What is required: Could you print the stretch of lines below from the one with "A Pokemon's Fantasia" through the one with "Kirby com uma coroa fofa", exactly as they stand and without any pictures?

Records for this task:
——————————

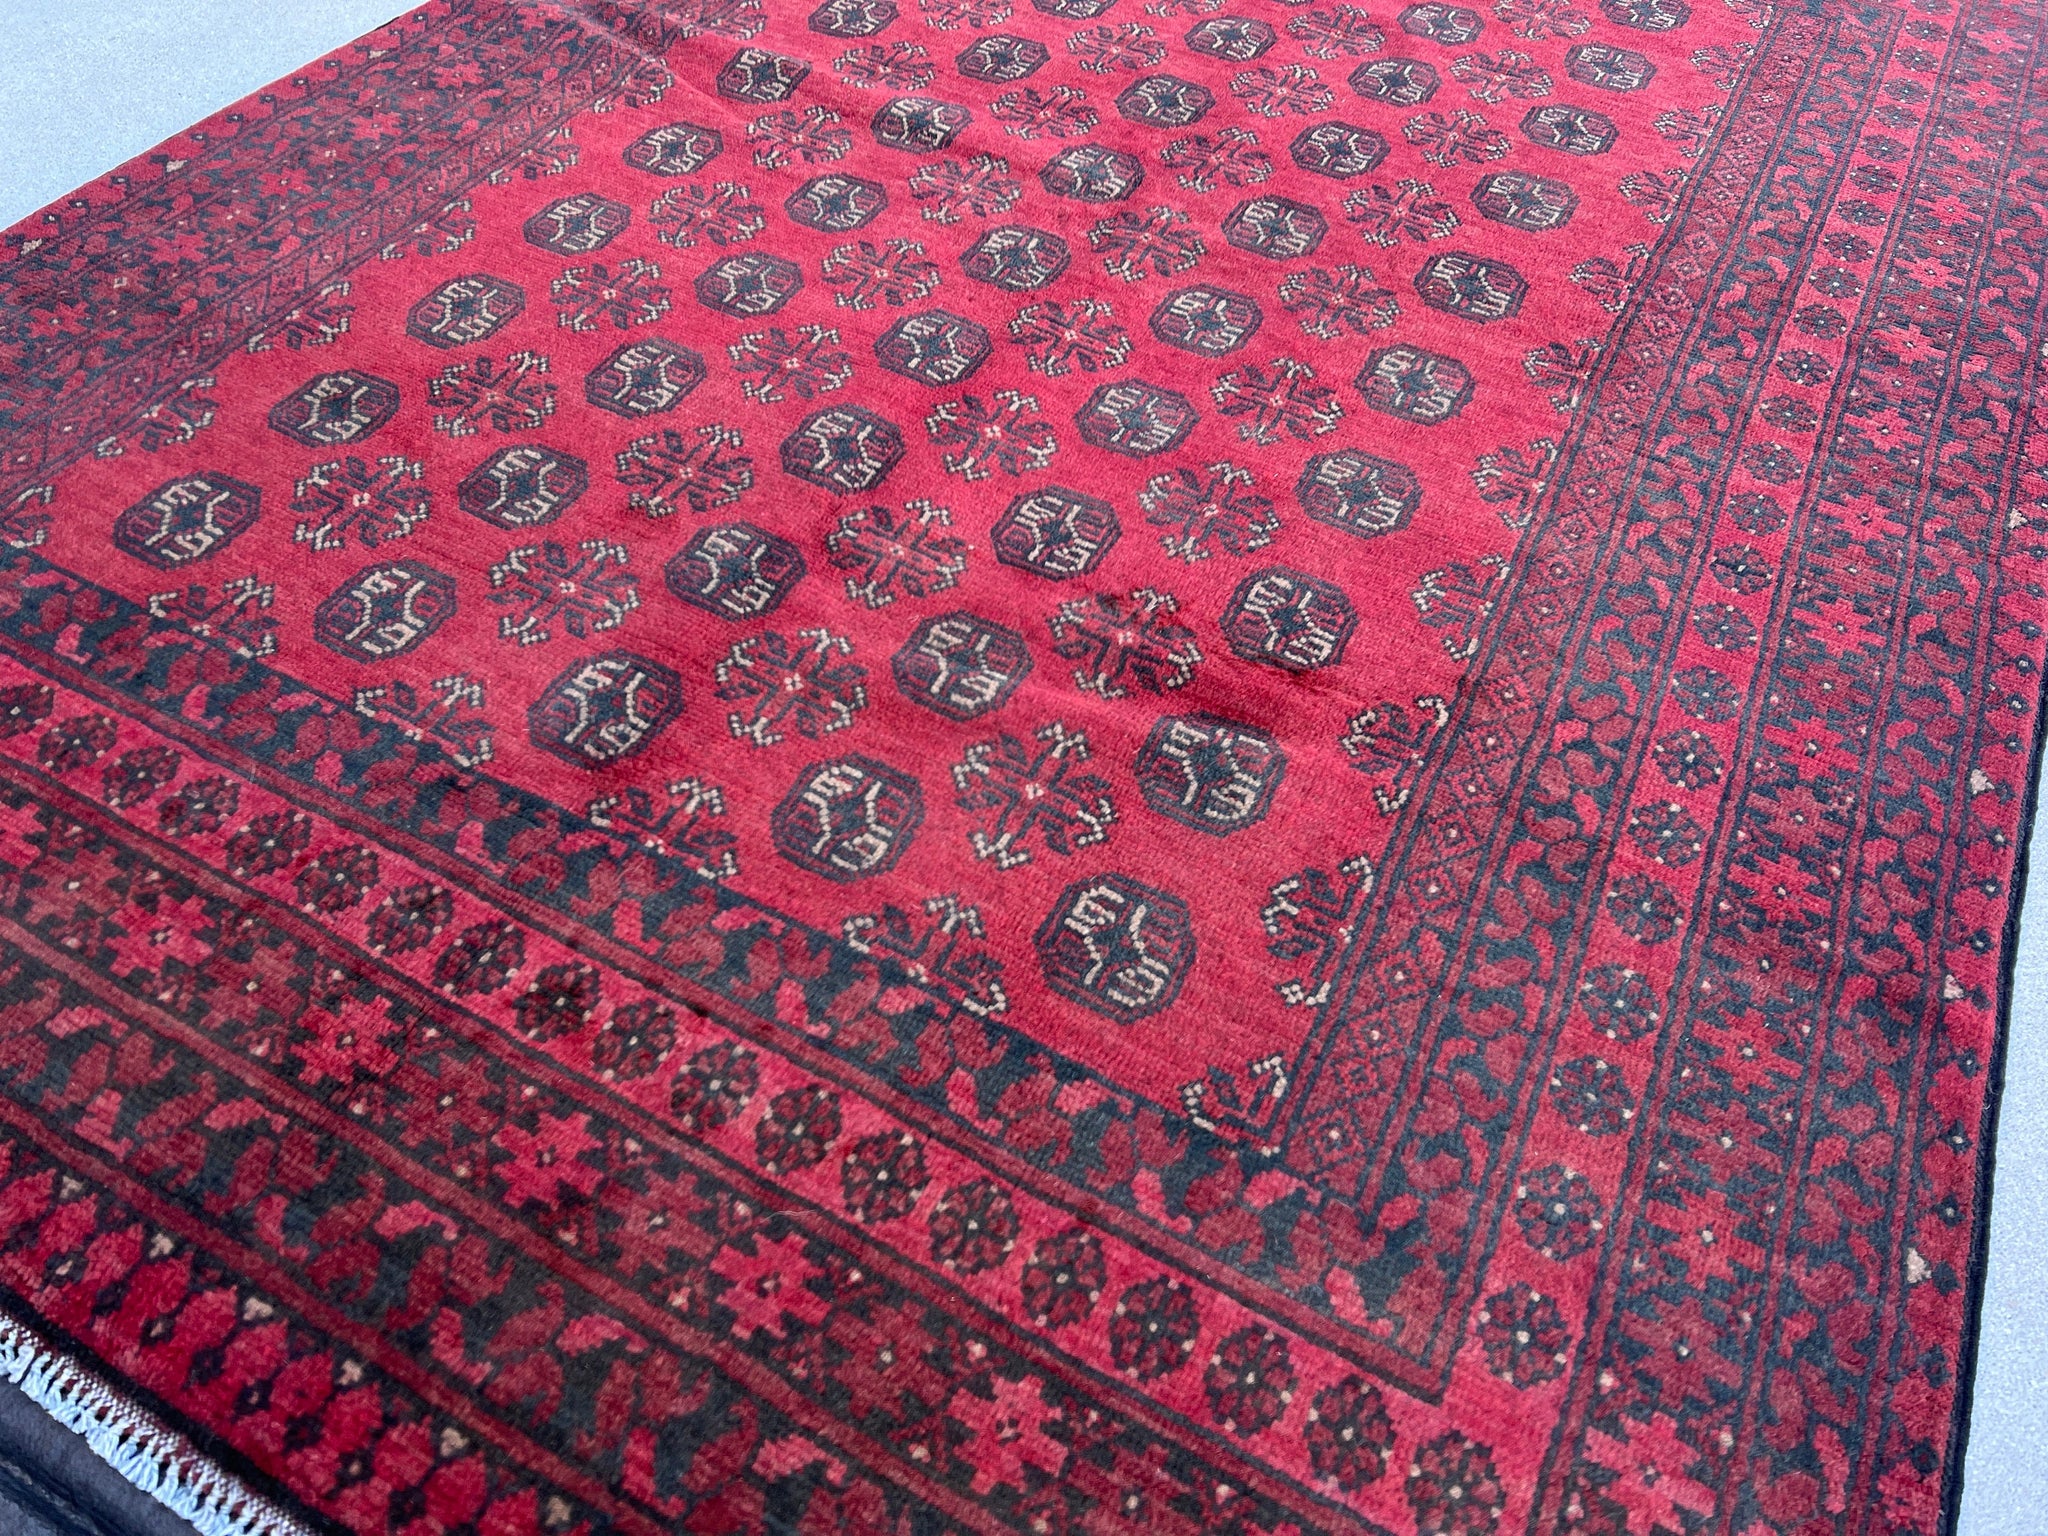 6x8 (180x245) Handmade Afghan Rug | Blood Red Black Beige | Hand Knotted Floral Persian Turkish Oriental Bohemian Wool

——————————

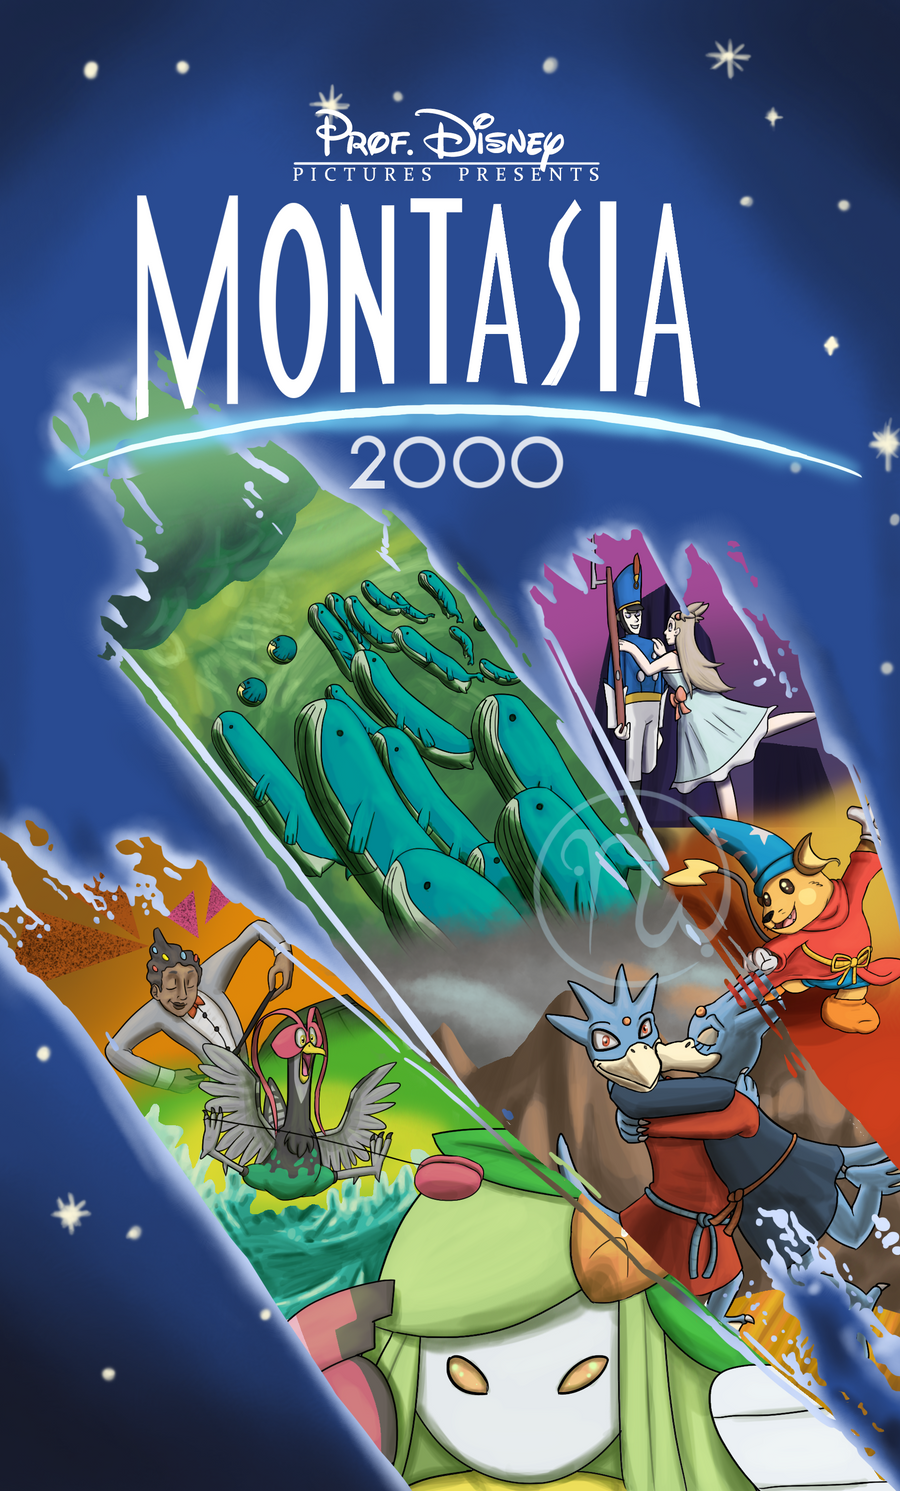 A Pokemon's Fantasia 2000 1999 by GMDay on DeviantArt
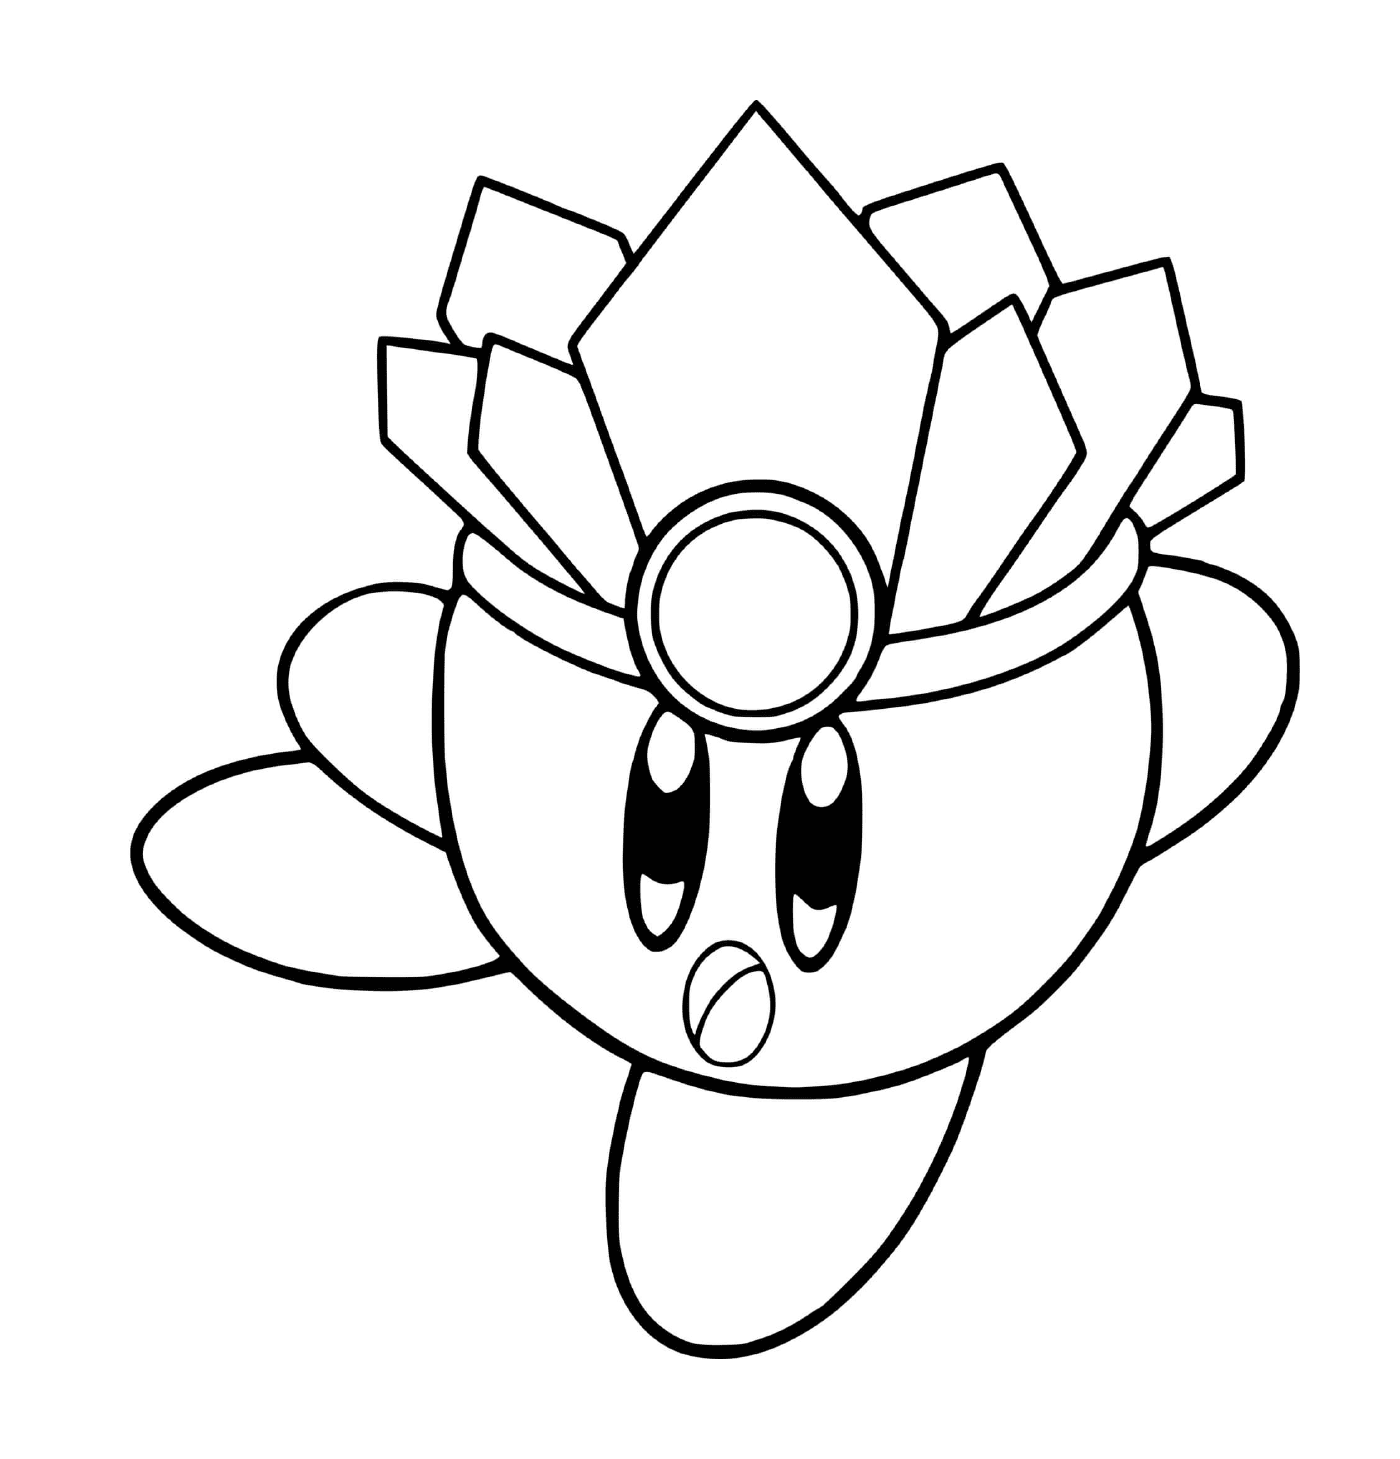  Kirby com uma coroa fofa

——————————

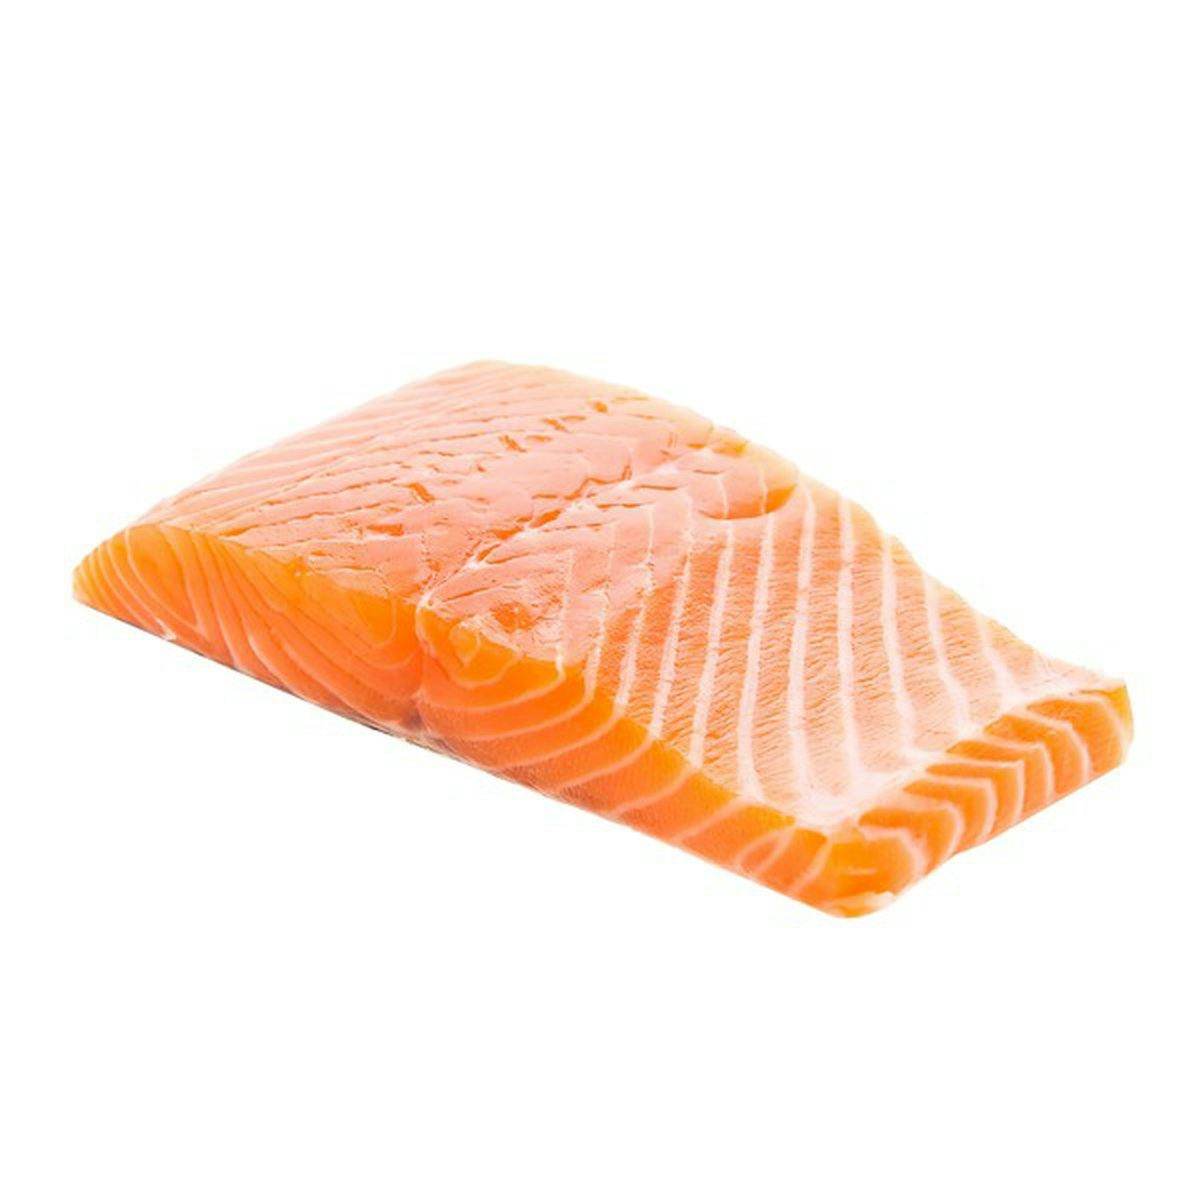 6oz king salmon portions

——————————

The answer:
 A Pokemon's Fantasia 2000 1999 by GMDay on DeviantArt
  Kirby com uma coroa fofa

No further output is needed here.